那高管很快回來,低聲說了幾句,約莫是長河那邊的來鬧事,說他們無故毀約,背信棄義。
周誠小跑着從遠處跑過來,擦着汗,顯然也沒料到事情鬧成這樣。
“我會處理的。”
至於是如何處理的,後續所有人都看見了。
下午兩點的時候,陳泰來談稷這邊稟告,說事情鬧更大了。
談稷在翻資料,聲音低沉隨意,似乎對這種局面早有預料:“有多大?"
陳泰滯塞了會兒,附耳過去跟他低聲說了什麼。
談稷悶笑出聲,合上資料:“罷了,你帶她來見我。”
陳泰頓了下。
談稷瞥他,陳泰才爲難道:“這種事情您不該參與,容易得罪人,服飾布藝這方面的採購線一直都是一股繩,一致對外的。您貿然插手,會給人留話柄的。”

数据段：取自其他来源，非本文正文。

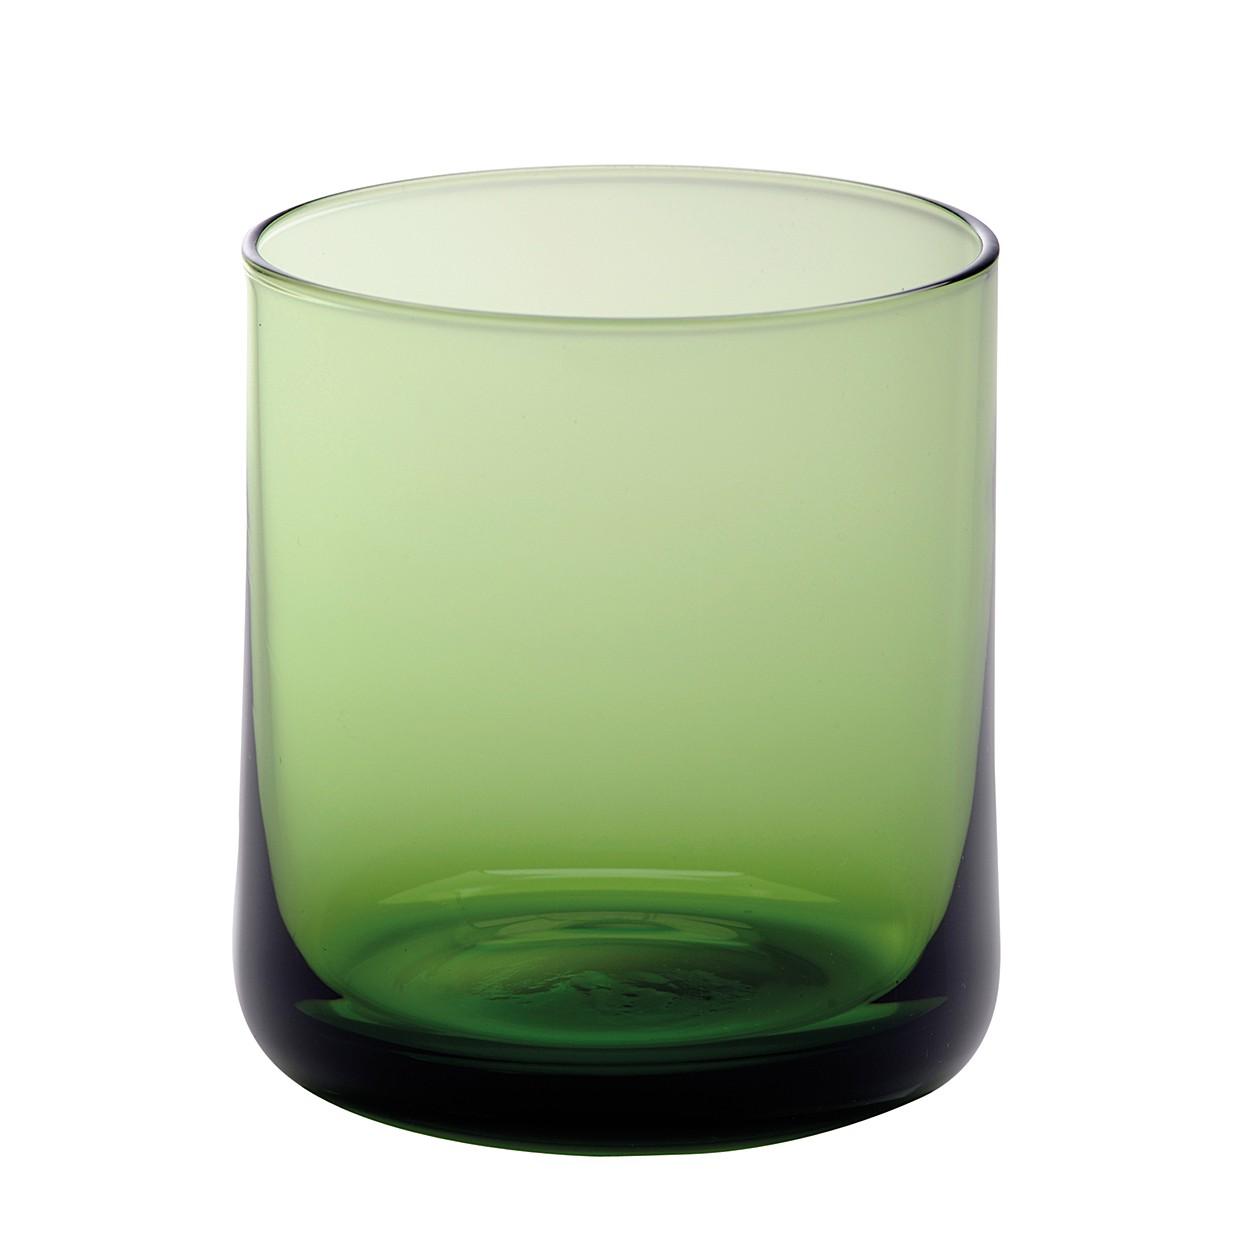 Trinkglas Bloom (6er-Set) – Glas – Grün, BITOSSI HOME online kaufen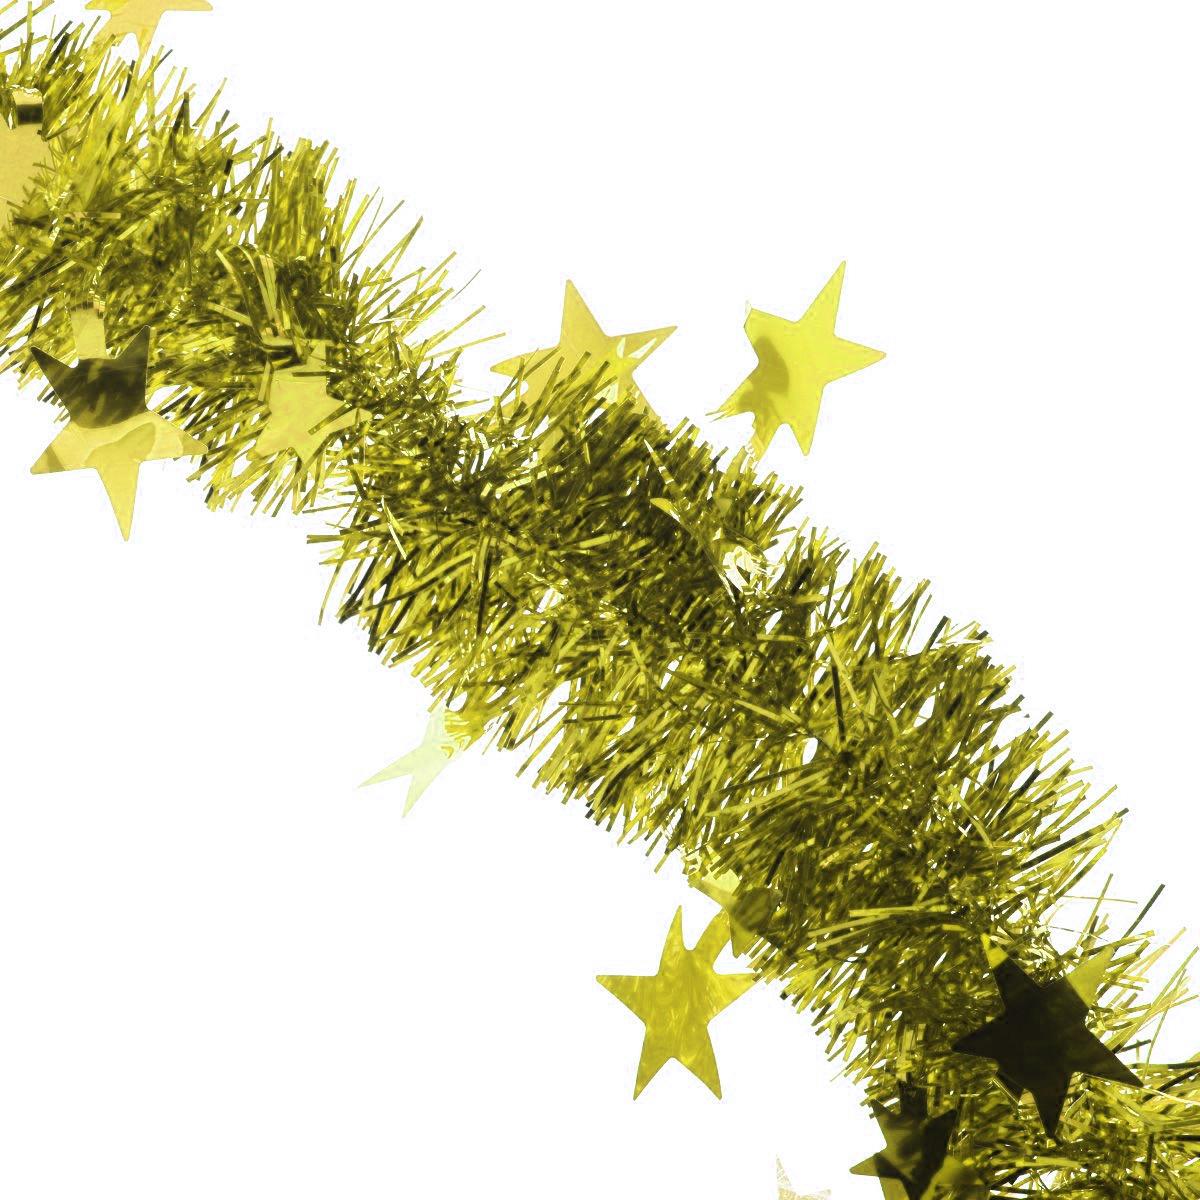 Мишура новогодняя Sima-land, цвет: золотистый, диаметр 5 см, длина 200 см. 702609702609_золотистыйМишура новогодняя Sima-land, выполненная из фольги, поможет вам украсить свой дом к предстоящим праздникам. Мишура армирована, то есть имеет проволоку внутри и способна сохранять приданную ей форму. Новогодняя елка с таким украшением станет еще наряднее. Новогодней мишурой можно украсить все, что угодно - елку, квартиру, дачу, офис - как внутри, так и снаружи. Можно сложить новогодние поздравления, буквы и цифры, мишурой можно украсить и дополнить гирлянды, можно выделить дверные колонны, оплести дверные проемы. Коллекция декоративных украшений из серии Зимнее волшебство принесет в ваш дом ни с чем несравнимое ощущение праздника! Создайте в своем доме атмосферу тепла, веселья и радости, украшая его всей семьей.

沒準還有人猜測他想動點兒手腳,安插自己的人進去呢,容易成爲衆矢之的。
“去吧。”談稷只是微笑。
方霓被陳泰領到辦公室門口,不忘叮嚀:“您這事兒鬧大了,談先生也保不了您。”
“不用他保,就是要鬧大,我沒路走了。”
陳泰一時無言,被噎了個嚴嚴實實,只好替她開門。
方霓進門,辦公室裏很安靜,談稷坐在實木桌後書寫一份檔案,偶爾停下步抬頭作思索狀。
她來時氣勢洶洶的,真站到了這裏,又什麼心力都沒有了。
“愣着幹嘛?進來。”
方霓這纔將門關上,慢慢挪了過去。
她抱着自己手裏的資料,神情還蠻防備的,應該不知道他想和自己說什麼。
但有一點,他應該不會幫自己,於公於私都不該。
何況他這人在這種事情上向來公私分明,只維護公司的利益。
“剛剛不是挺神氣,見到我又沒話說了?”他將檔案丟到一邊,偏過頭端詳她,“就這點兒本事?”
方霓看着他沒有吭聲。
陳泰將門關上了,屋子裏沒有旁人,她才說:“我自己能解決,你非要插手。”
“解決?怎麼解決?你覺得周誠那種人會投鼠忌器?你知道他背後是誰嗎?”
她一個字也答不上來了,強辯道:“你們公司內部的事情,我一個外人怎麼能夠知道?”
“什麼都不知道怎麼解決?顧得了頭能顧得了尾?我不讓陳泰喊你過來,你還要繼續鬧,然後被拉進中源的黑名單嗎?”他擰上鋼筆,徑直扔筆筒裏。
“咚”的一聲,在安靜的室內很振聾發聵。
她不跟他吵了,別過臉不去看他。
“知道你聰明,但太固執認死理,有些人有些事是不跟你講道理的。”
“那也是我的事,您又是以什麼身份在這兒教育我呢?你是我誰啊?!”
談稷一時無言,目光定格在她微微發紅的眼圈上。
在這種事情上講道理果然沒有用,她要聽的不是對錯,不是辯個是非曲直。
她都要走了,他從後面喚住她:“霓霓。”
方霓腳步頓了一下,遲緩地回頭。
“是我不對,別生氣了好嘛?我們先去喫飯。”他起身過來,牽住了她的手。
因爲剛纔的爭執,已經錯過飯點了,他們去的另一個小食堂。
師傅已經在收拾工具,看見談稷,忙站直了應一聲,有些拘謹地問:“您還沒喫飯呢?”
談稷和悅地對他笑笑,如常地詢問他還有什麼。
“飯還有一些,菜只剩下西紅柿炒雞蛋和炒雞塊了。我給您再炒兩個?”
“不了,你給我炒個萵筍吧。”
師傅應一聲去忙活了。
方霓眼神複雜地看着他,她以前就喜歡喫萵筍,還喜歡喫冬筍炒肉。
這兩樣,有條件時她天天都要喫。
談稷捲起毛衣袖子,給她拔筷子:“不是不幫你,中源內部的情況很複雜。你有沒有想過,和周誠鬧成這樣等於得罪整條採購線上的人,以後都不合作了?”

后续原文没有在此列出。